For patients who fall into the high SAMS risk categories, and they have been taking that statin therapy for at least 1 year without any negative effects, then it is considered safe to continue that statin therapy long-term. If those patients have been taking statin therapy for less than 1 year, then clinicians may consider changing to a lower SAMS risk statin/dose to reduce the risk for development of SAMS. These recommendations for the minimum duration of statin therapy for continued safe use long-term are primarily based on expert opinion and the onset of SAMS observed for simvastatin in different SLCO1B1 genotypes in a single prospective clinical trial.
The prevalence of statin use is high, and preemptive testing for SLCO1B1, ABCG2, and CYP2C9 may provide several potential benefits.
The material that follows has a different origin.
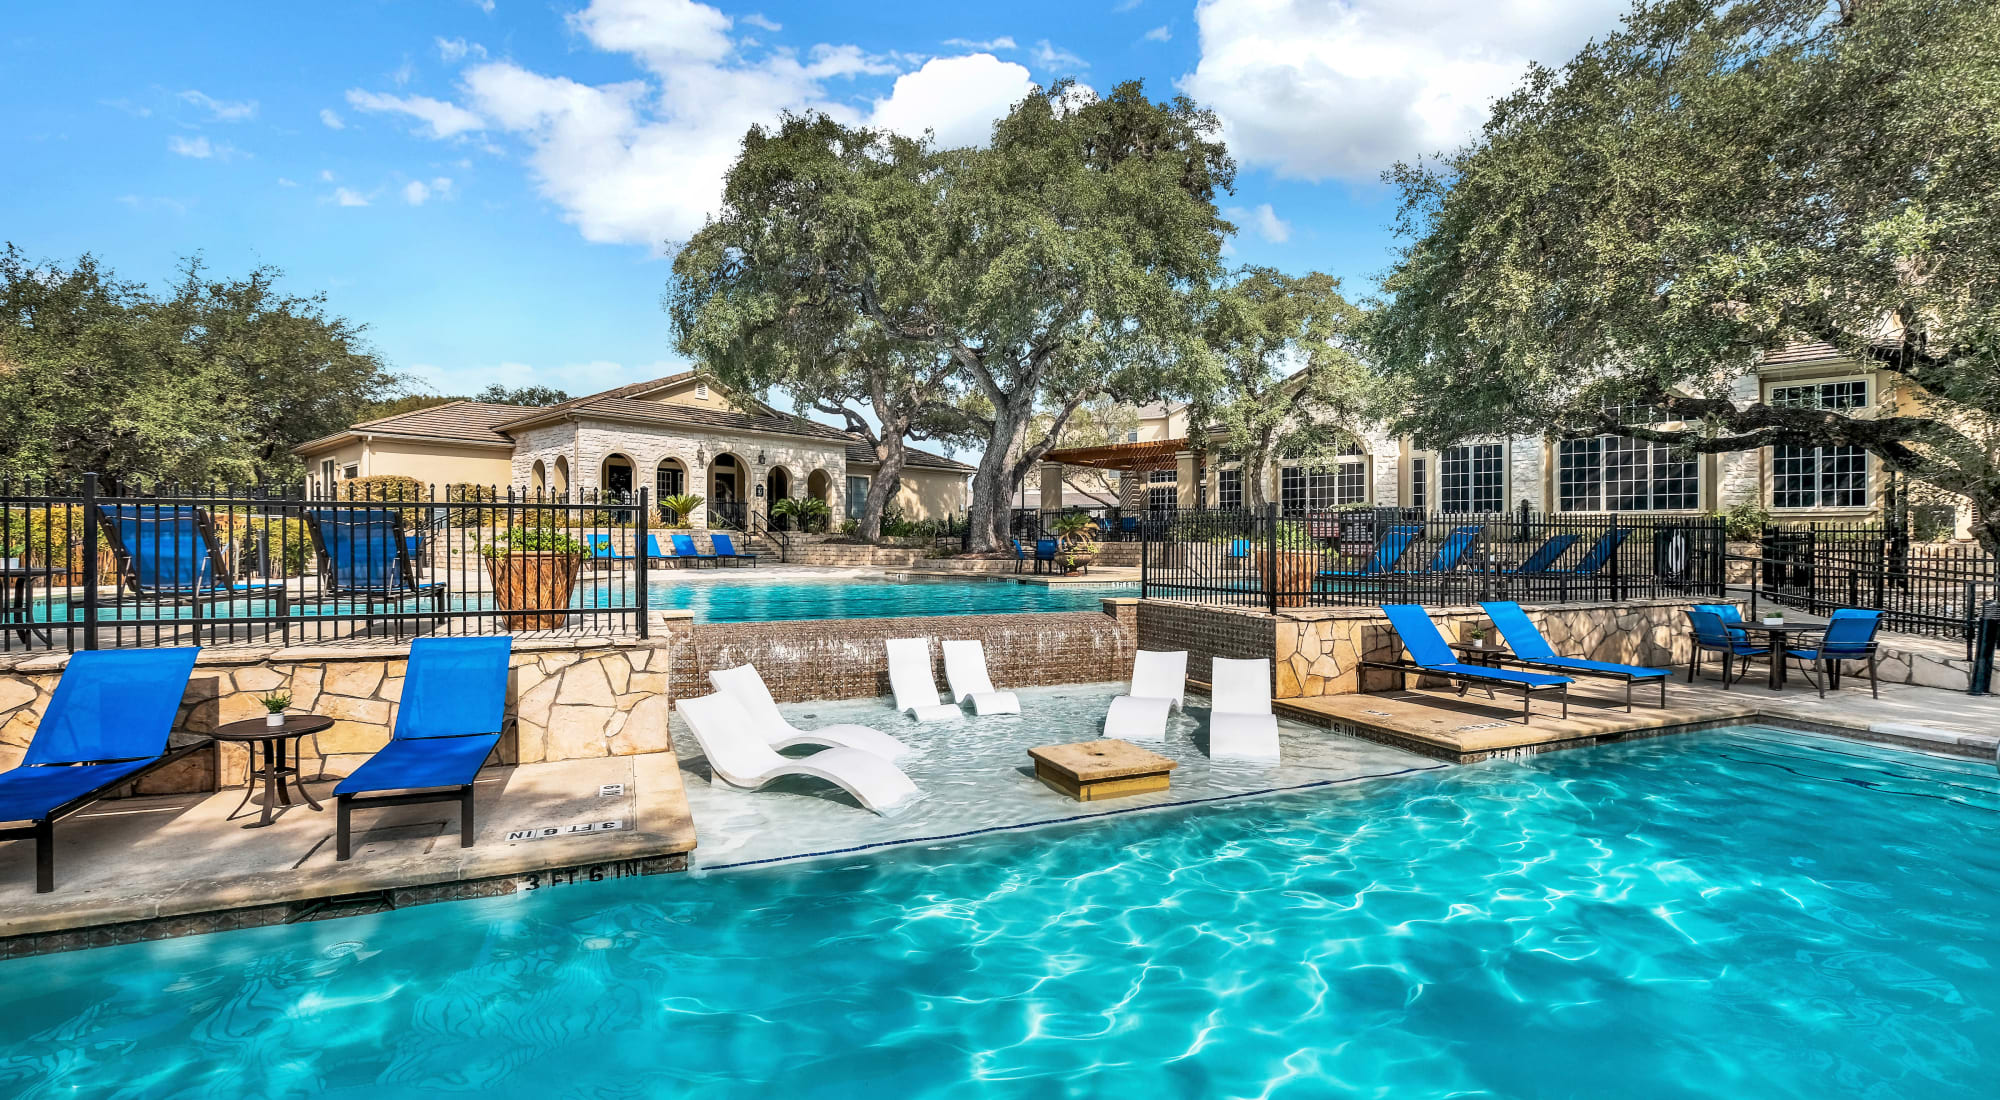 Beautiful swimming pool at Villas of Vista Del Norte in San Antonio, Texas

One of these benefits is the reduction in the incidence of SAMS by identifying individuals who are at a significant risk of developing SAMS and recommending a lower statin dose or an alternative statin with a lower SAMS risk. Although there is a lack of prospective data showing that prescribing based on genetic testing results can alter SAMS incidence, emerging data indicate that applying SLCO1B1 testing to clinical practice can result in improvements in patients’ perceptions of statins, appropriate statin prescribing, and neutral data on patient-reported adherence. However, there is mixed data on the reduction of LDL-cholesterol levels as another potential benefit.
These recommendations are based on clinical trials with limited evidence for their impact in broad, population-based implementation. Further research will assist in optimizing statins across all people.